#### ACTIVITY
Restate word for word the lines below from the one that has "Sacs de Ski - St Pierre Sports de Sorel" through the one that has "Wallpaper floral motif", keeping both and dropping all pictures.
(DATA EXCERPTS)
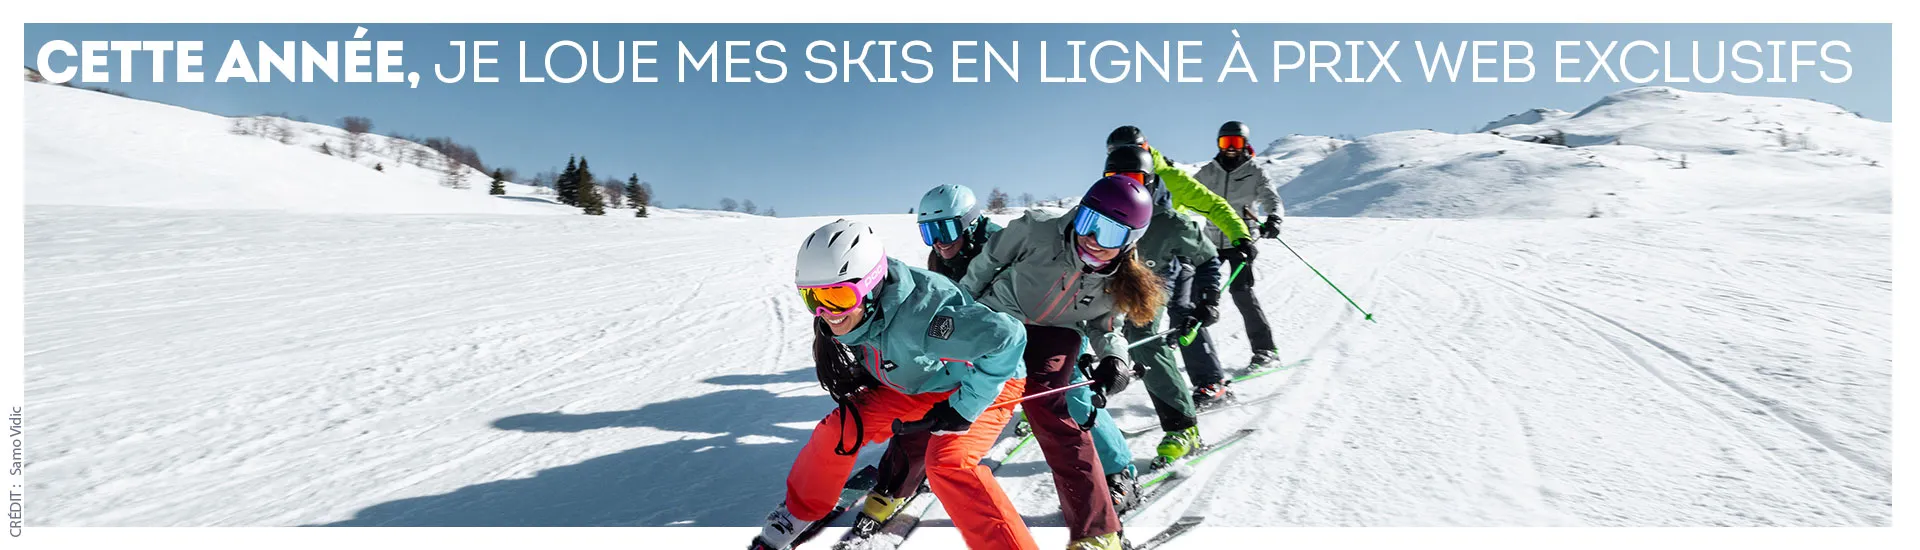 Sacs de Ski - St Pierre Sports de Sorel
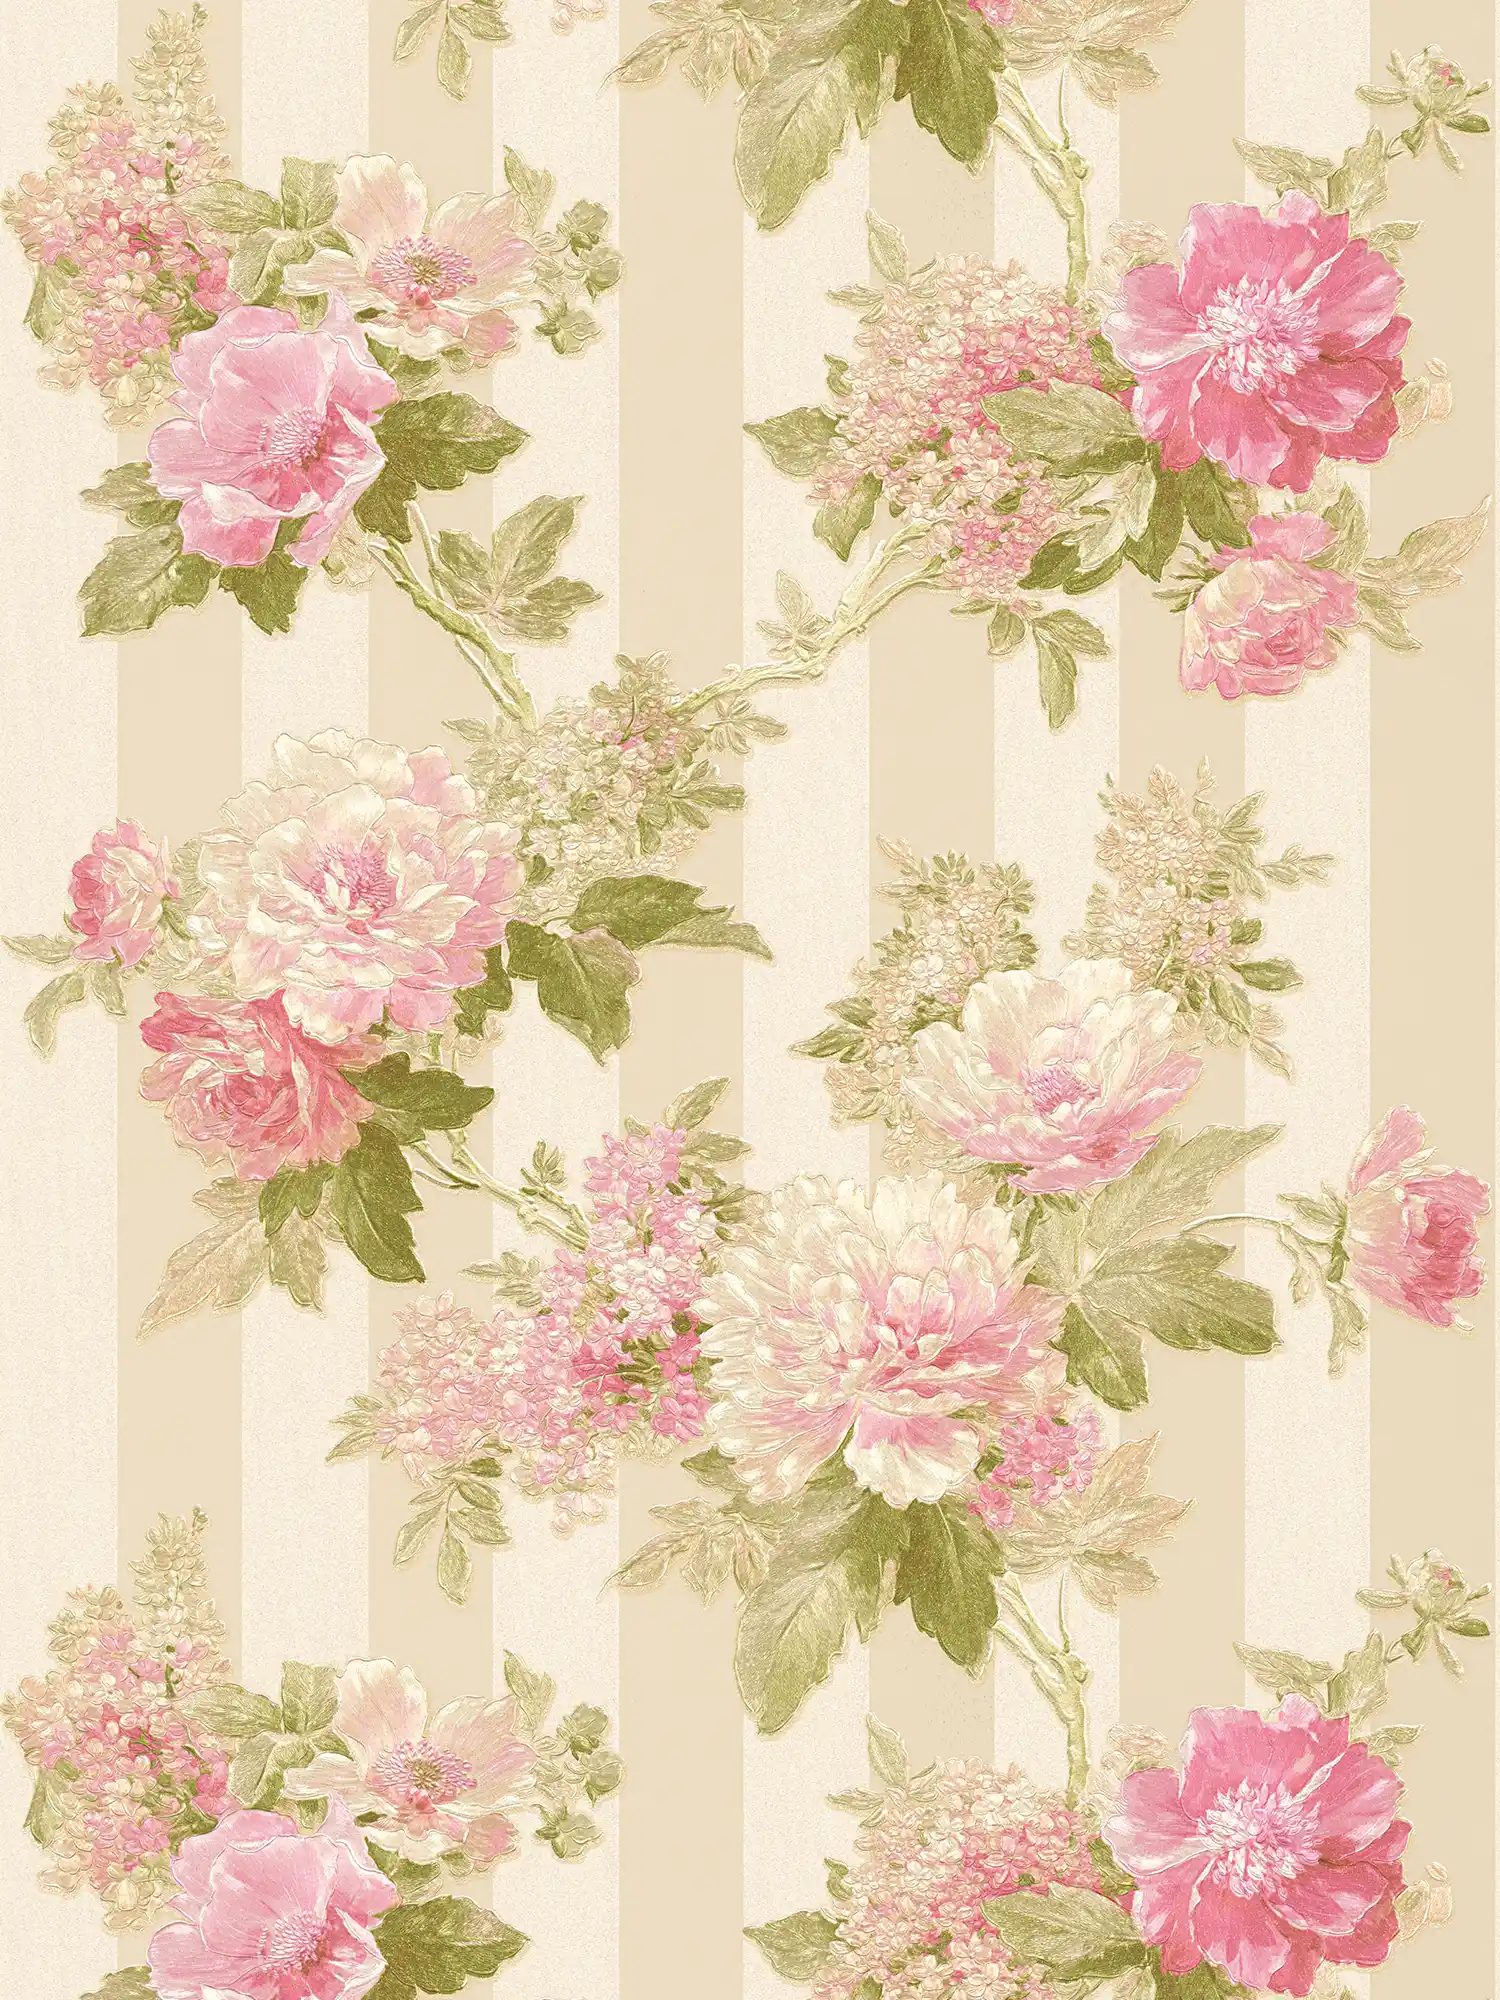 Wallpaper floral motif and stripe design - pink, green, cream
(End DATA EXCERPTS)
(DATA EXCERPTS)
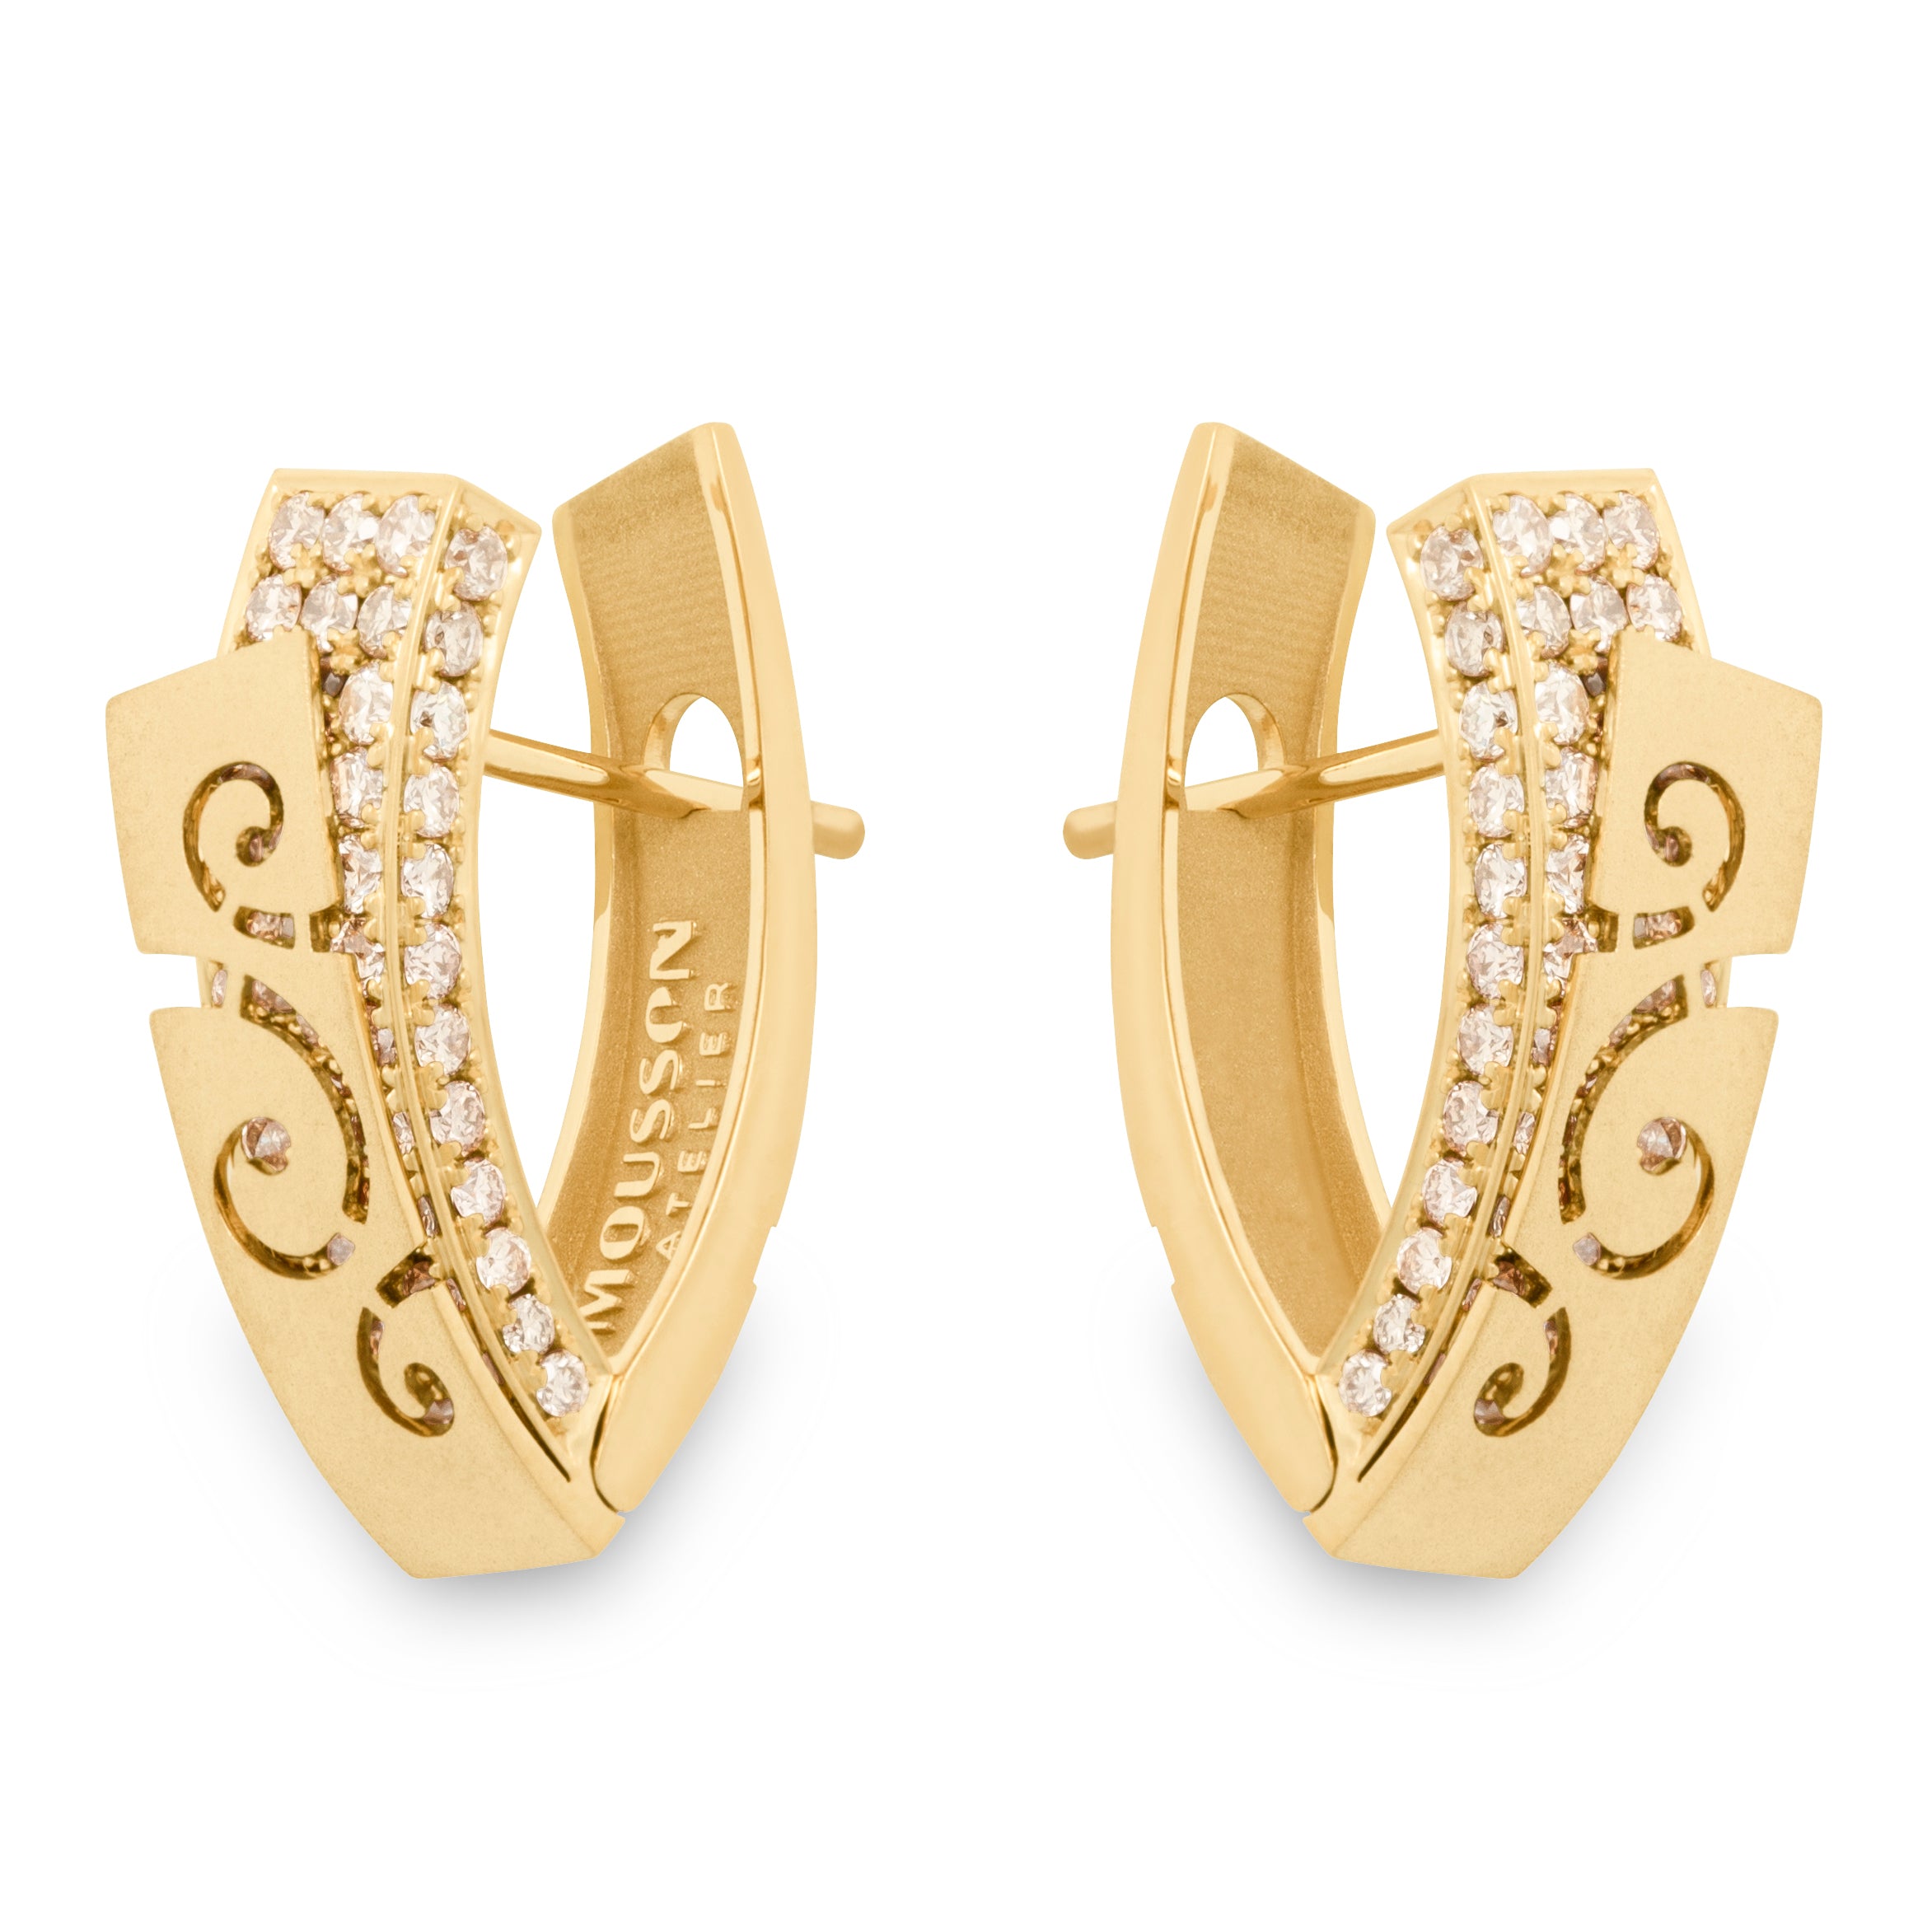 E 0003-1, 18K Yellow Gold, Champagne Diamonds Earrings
(End DATA EXCERPTS)
#### PROBLEM SOLUTION
 Sacs de Ski - St Pierre Sports de Sorel
 Wallpaper floral motif and stripe design - pink, green, cream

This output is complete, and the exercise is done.